The Golf Association of Michigan (GAM) is celebrating its Centennial Anniversary this year after being founded in metro Detroit in 1919. These short pieces are just a glimpse of the middle years, from 1960 through the 1980s (content provided by Greg Johnson):
1960-1969: Oakland Hills Country Club is Michigan’s Most Famous
By 1960 Oakland Hills Country Club in Bloomfield Hills, a charter member of the Golf Association of Michigan, had become Michigan’s most famous club for having hosted multiple major championships, including three of its six U.S. Open Championships, and having top international players as head golf professionals, most notably Walter Hagen and Al Watrous.
The club reached its 50th birthday in 1966. The North Course, like the South, is a Donald Ross original design. It opened for play in May of 1924, three weeks before the South Course hosted the club’s first U.S. Open.
On the heels of the Great Depression in 1933 the club opted to operate the North Course as a daily fee public course under the name North Hills Golf Course. It operated that way until the membership voted in 1967 to open it after renovation as the club’s second private course. That work was completed in 1969.
1970-1979: Pete Green, GAM’s Chairman of the Scoreboard
Franklin’s Pete Green is one of Michigan’s most accomplished golfers, and the father of Suzy Green-Roebuck, another of Michigan Golf Hall of Famer. They are the only father-daughter duo in the Hall.
“I’m proud of my golf, but proud that I played golf with my father, and played with my kids and now grandkids, and really proud of all of them, what they do and who they are,” Green said.
He gets most animated when he talks about having won the GAM Father-Son Championship with his father Edward, then winning it twice with his son Michael, and watching Suzy as she made her way through the amateur ranks, the LPGA Tour and into the Michigan Hall of Fame with him.
Pete, who first shot his age at 66 and still maintains a single-digit handicap, was among the state’s best players over four decades, as evidenced by his four Michigan Amateur Championships being claimed in 1969, ’79, ’86 and ’95 (at age 55).
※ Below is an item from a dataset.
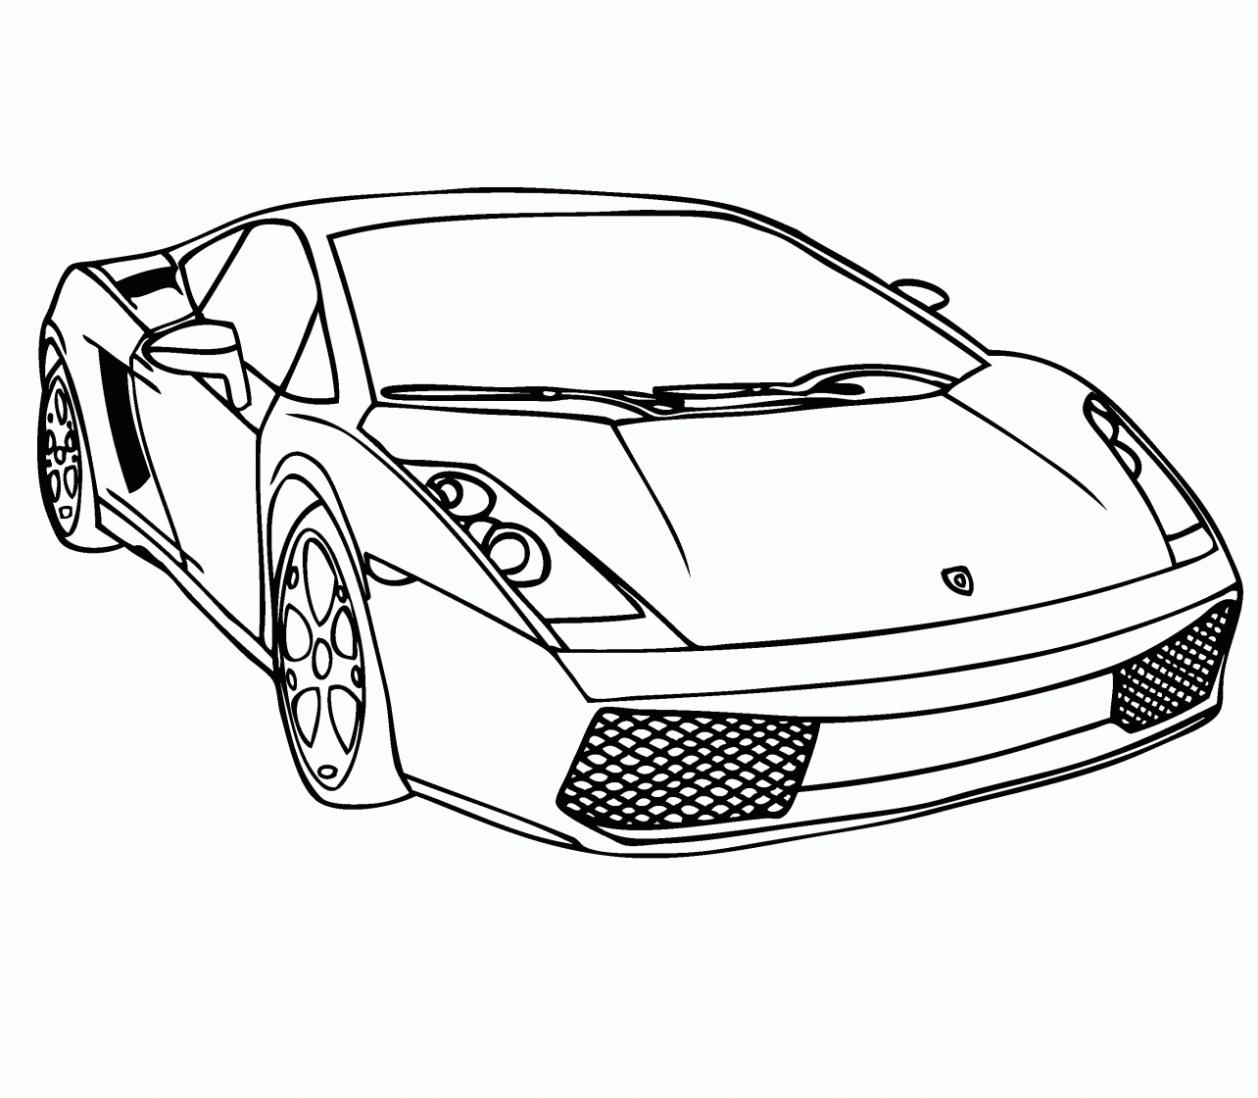 Ausmalbild Rennauto | Malvorlage Auto, Ausmalbilder Zum in Malvorlagen Lamborghini
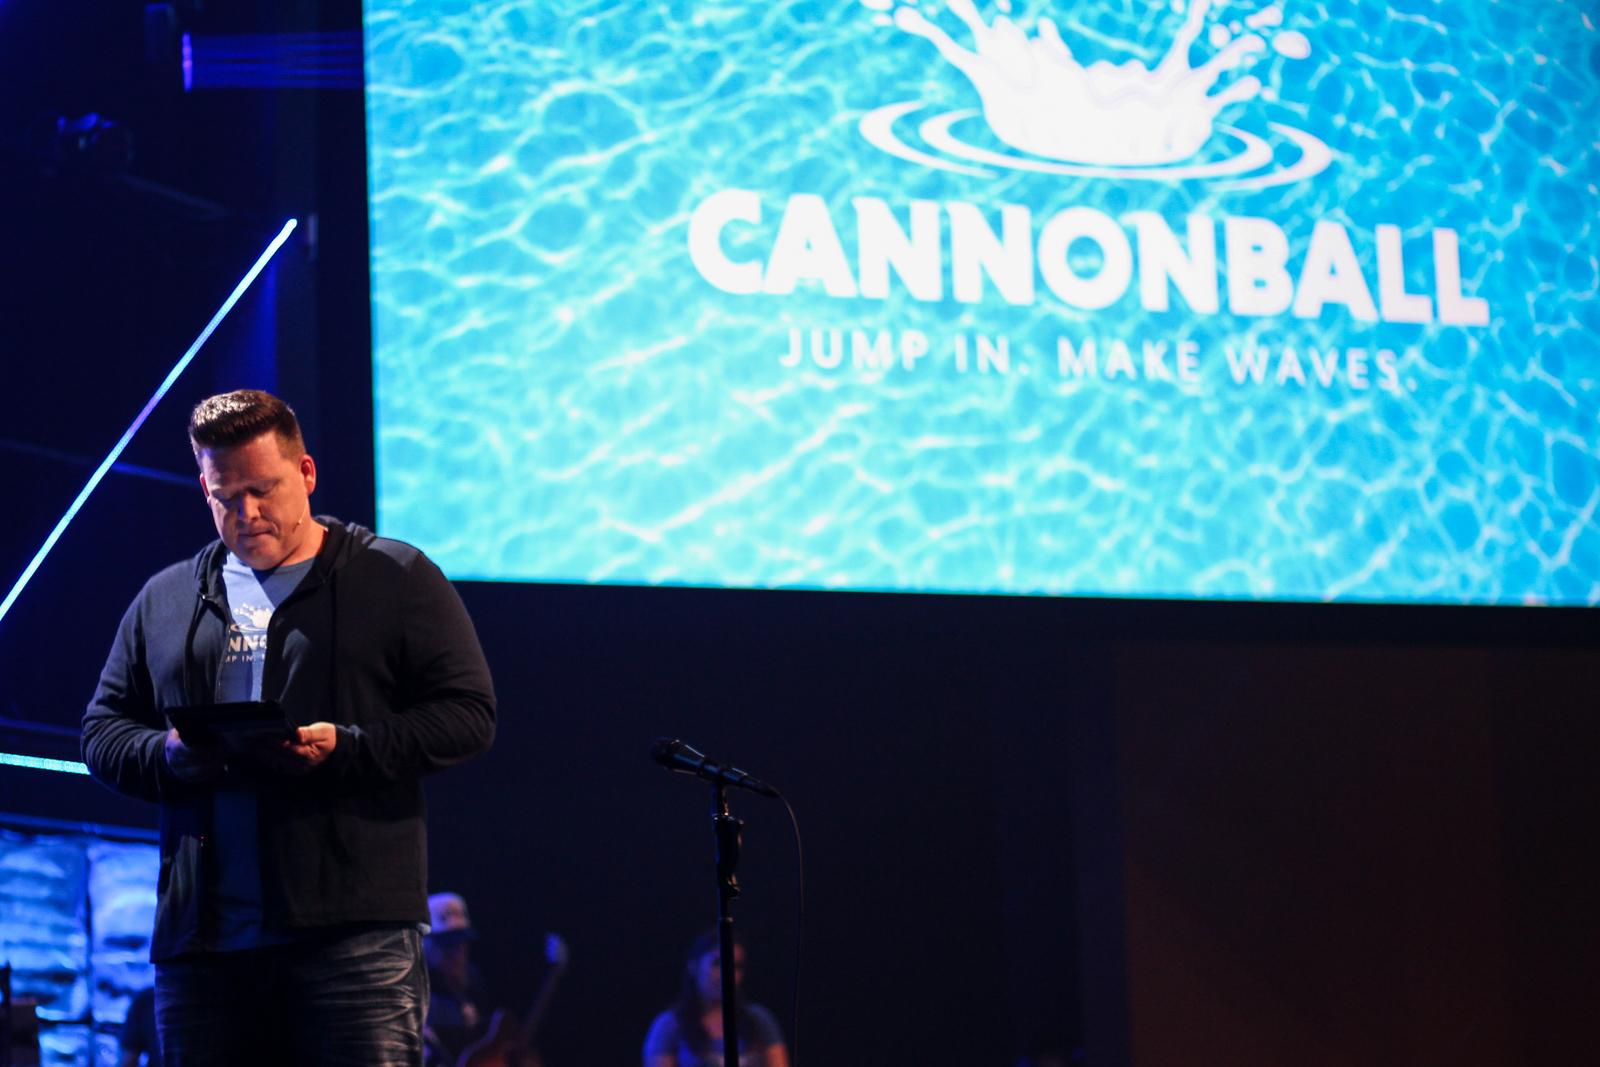 Eastlake Church Cannonball Commitment Night

He first qualified for the Michigan Amateur at age 15, in 1955. Nine times he was named GAM Player of the Year, and also took his game to the national stage. He qualified for and played in 15 U.S. Amateur Championships and three U.S. Open Championships and won the 1967 Middle Atlantic Amateur Championship.
1980-1989: Michigan Native Jeff Rivard Guides Changing Association
Jeff Rivard came to the GAM as its third executive director in 1984, served through 1992 and was on the scene for the most significant change in the association’s history.
In 1985 the GAM changed its bylaws to include public golf facilities in the GAM family and services. Previously, and for 66 years, it has been an organization of private golf clubs only.
Another significant change during Rivard’s Michigan tenure involved the Michigan Amateur Championship. Rivard thought it needed site changes and a format change to maximize it as the flagship tournament. In terms of format for the Michigan Amateur, Rivard lobbied for a change to the qualifying. Fast forward to 2012, a record 1,034 golfers entered the Michigan Amateur. It was hosted that year by Oakland Hills on the North Course and won by Drew Preston.